# Information provided
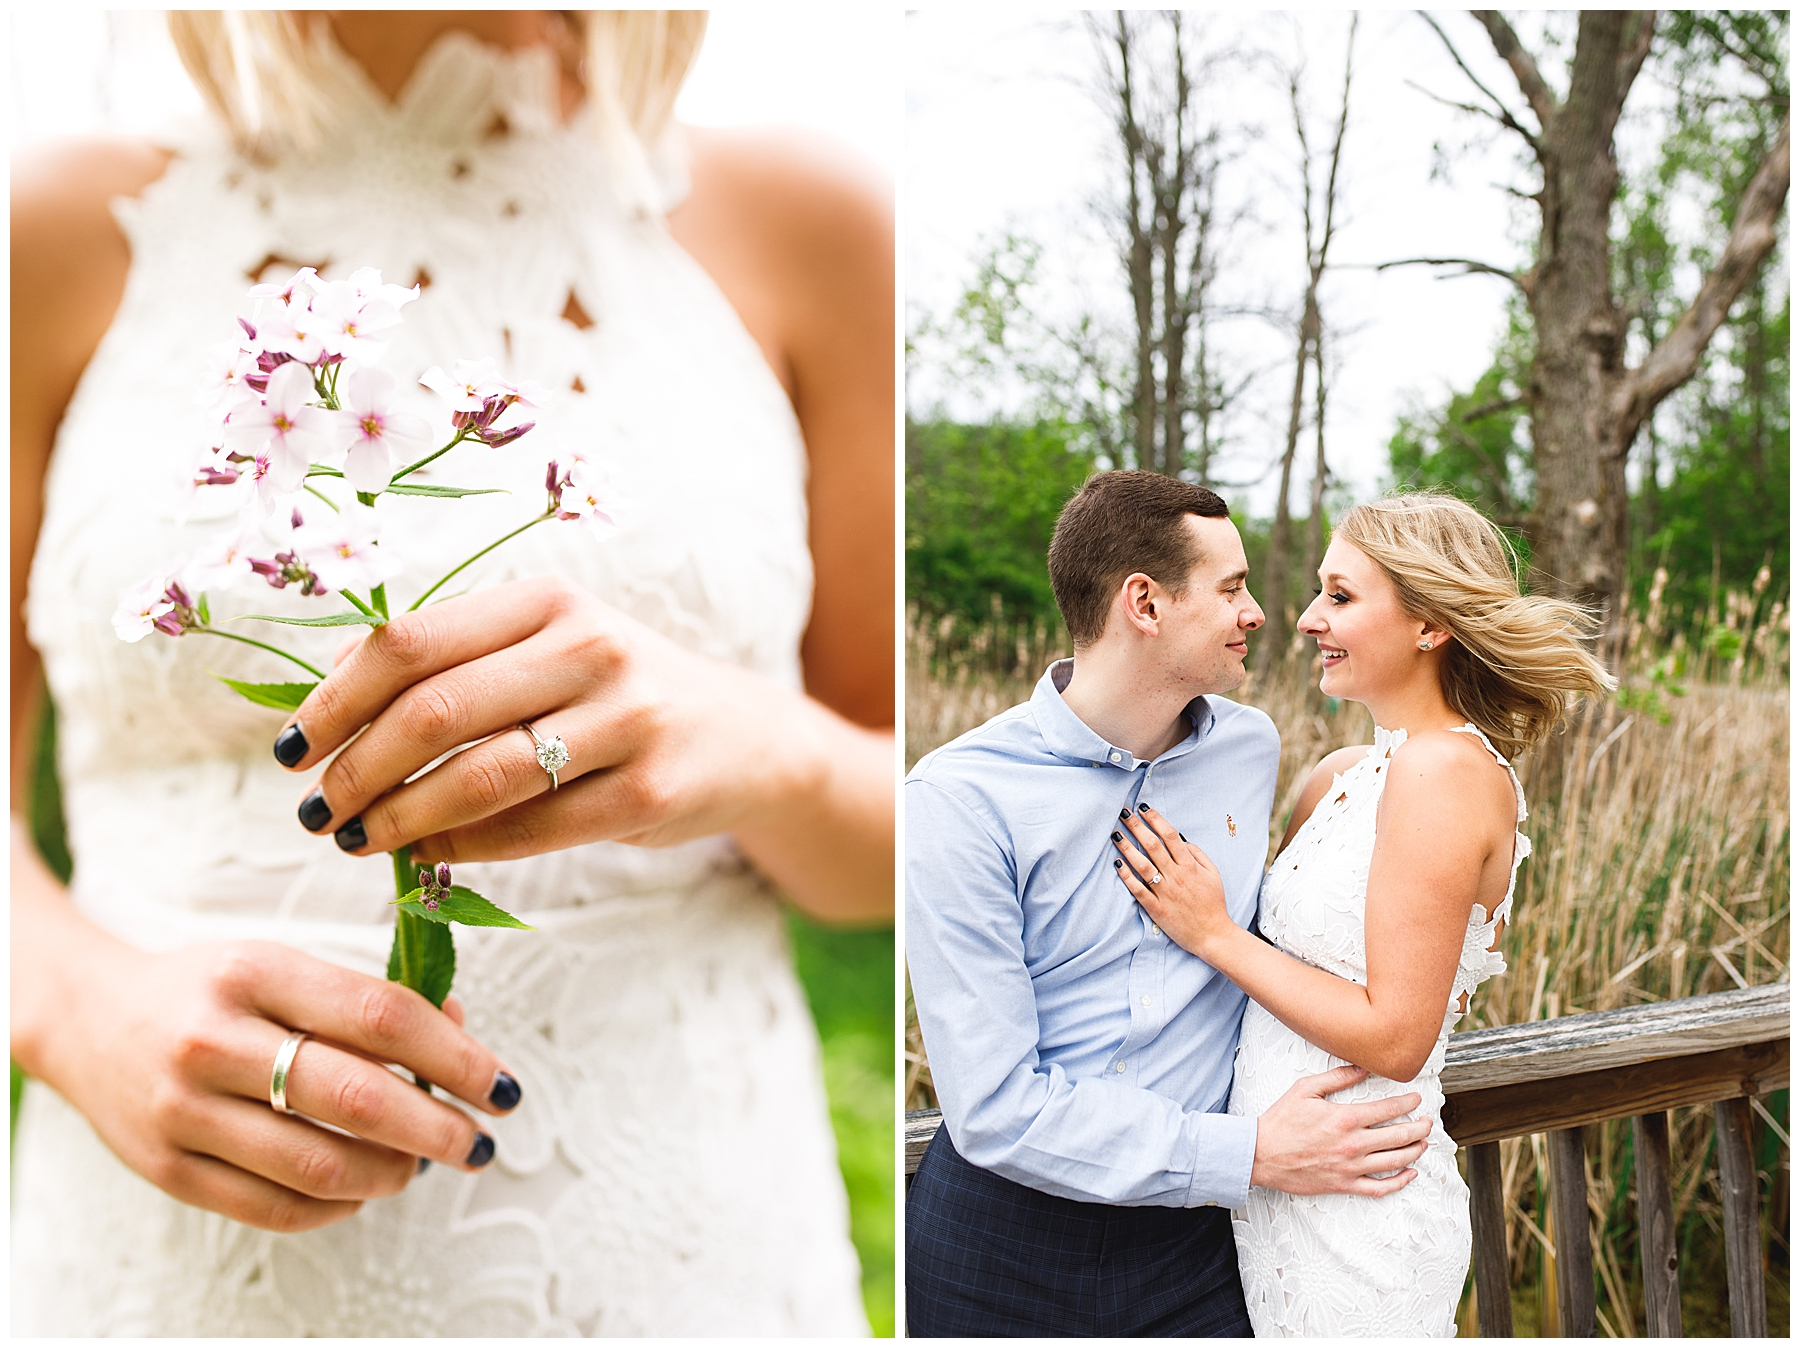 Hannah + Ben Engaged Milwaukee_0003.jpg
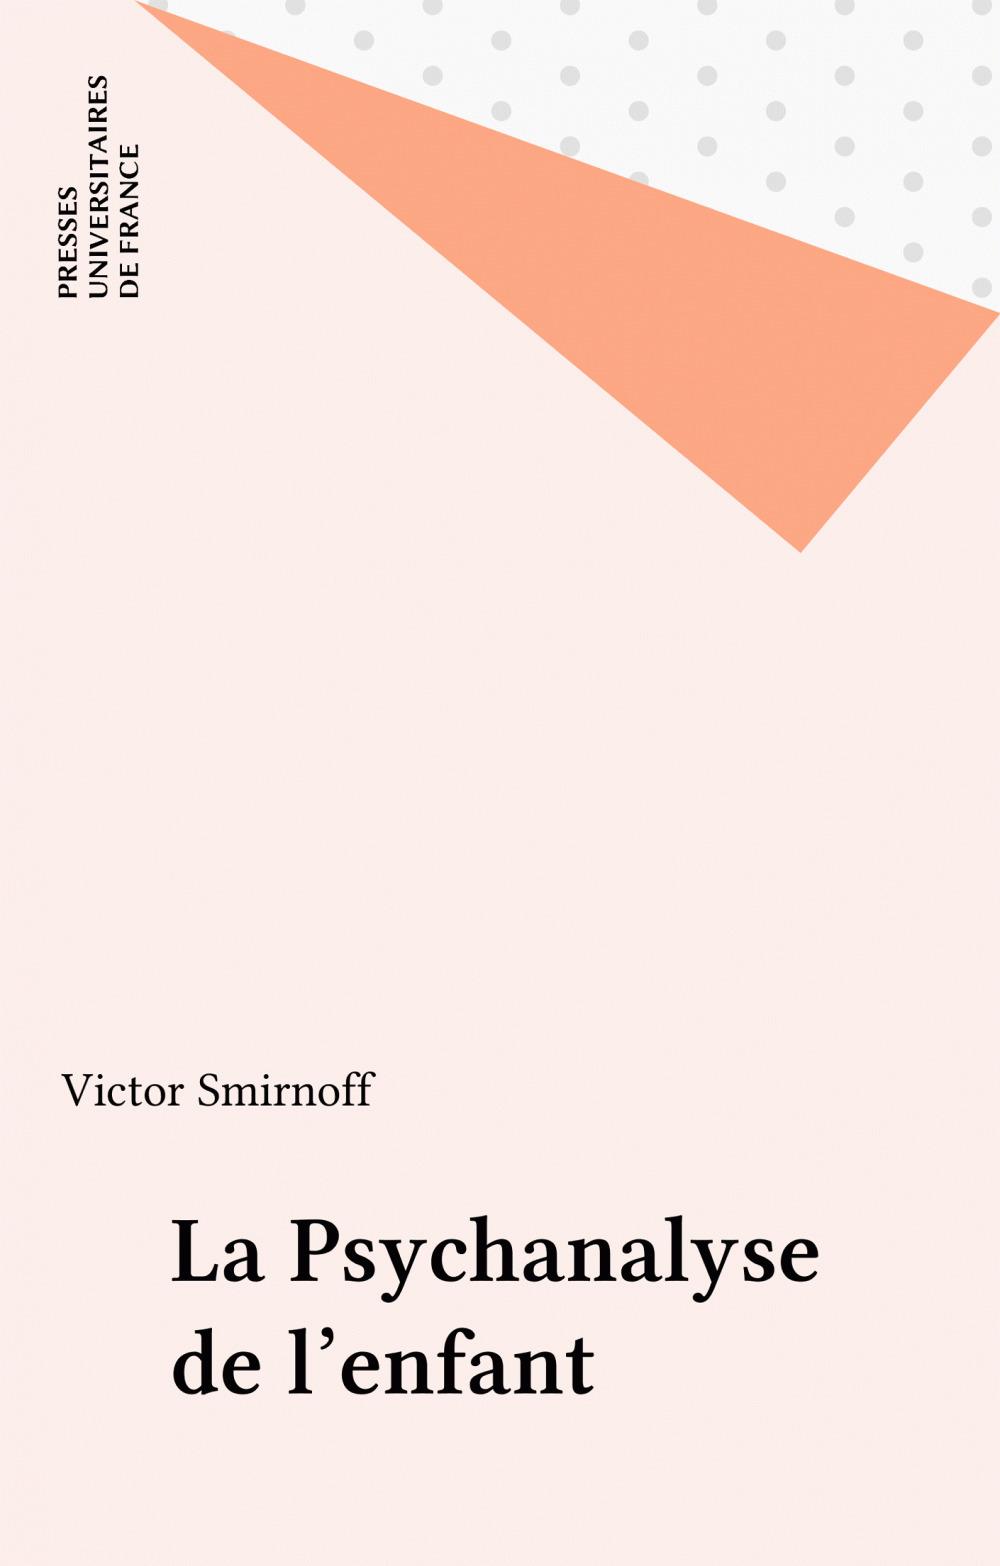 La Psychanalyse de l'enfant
...
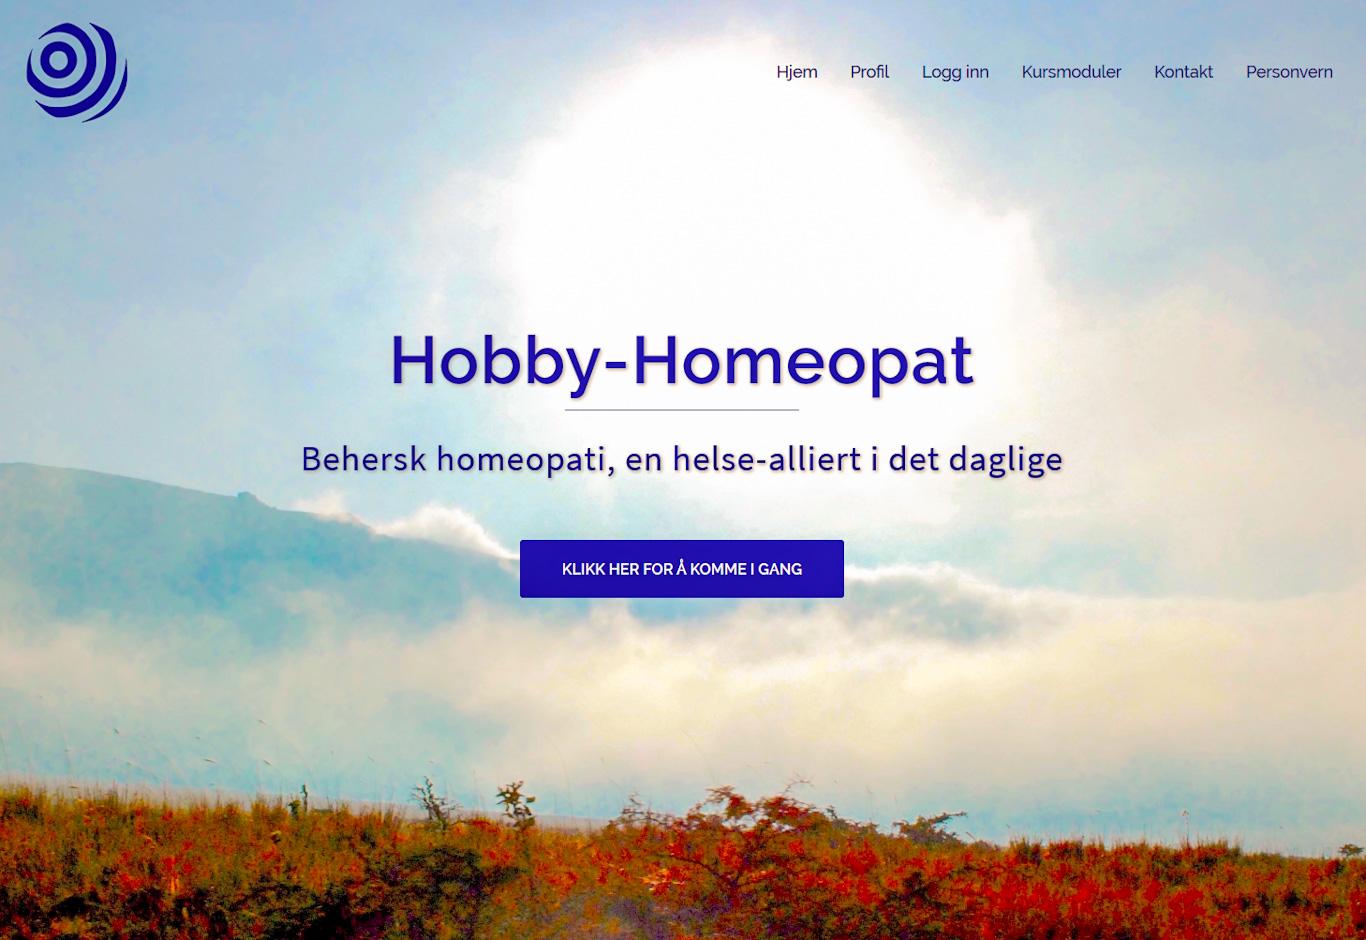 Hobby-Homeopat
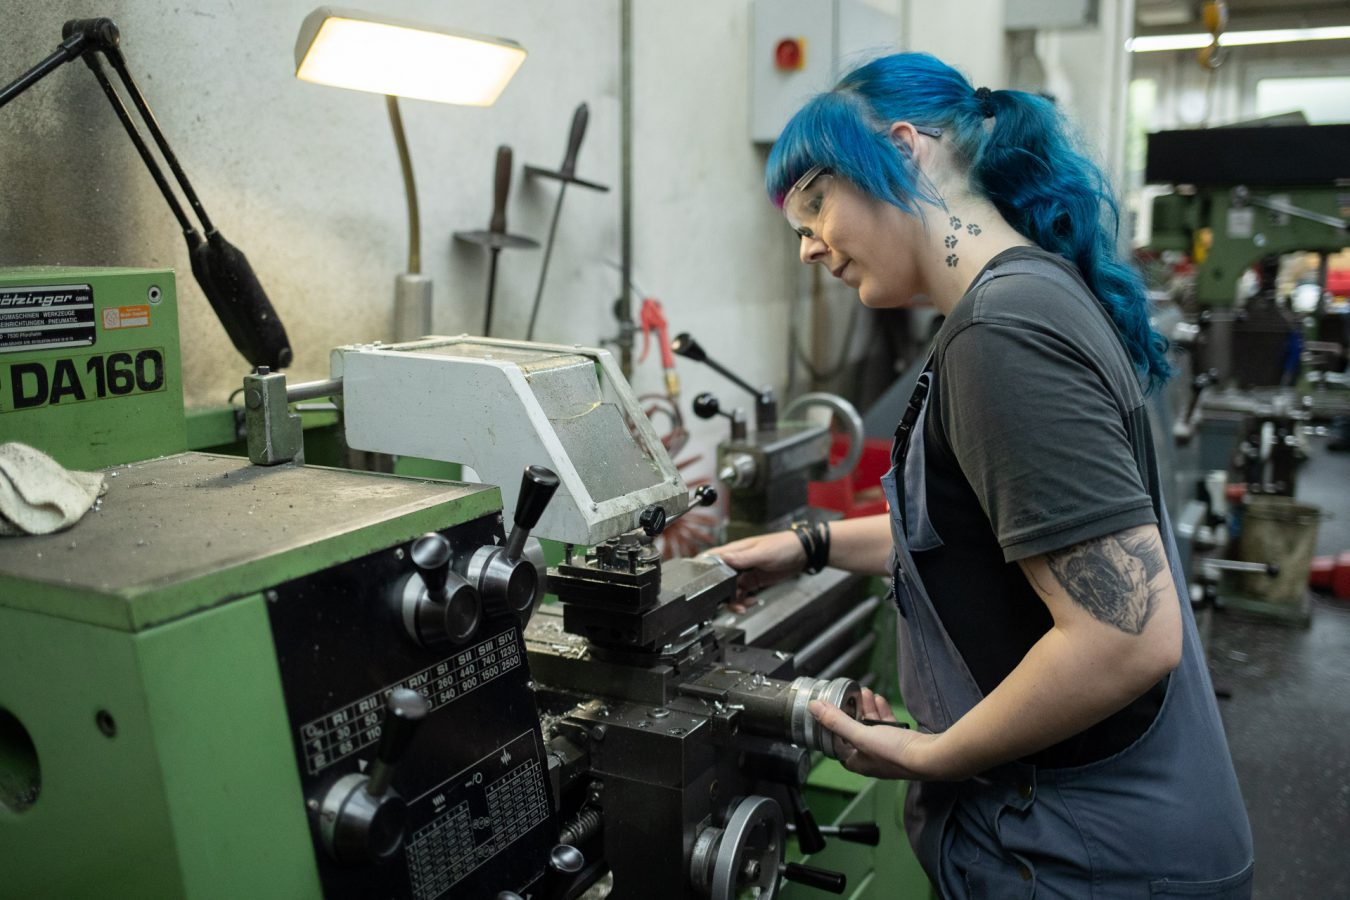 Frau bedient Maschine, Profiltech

# Problem requirements
Your answer should consist of the lines above between those holding "Hannah + Ben Engaged Milwaukee_0003.jpg" and "La Psychanalyse de l'enfant", inclusive, reproduced word for word and without pictures.

# Task solution
 Hannah + Ben Engaged Milwaukee_0003.jpg
 La Psychanalyse de l'enfant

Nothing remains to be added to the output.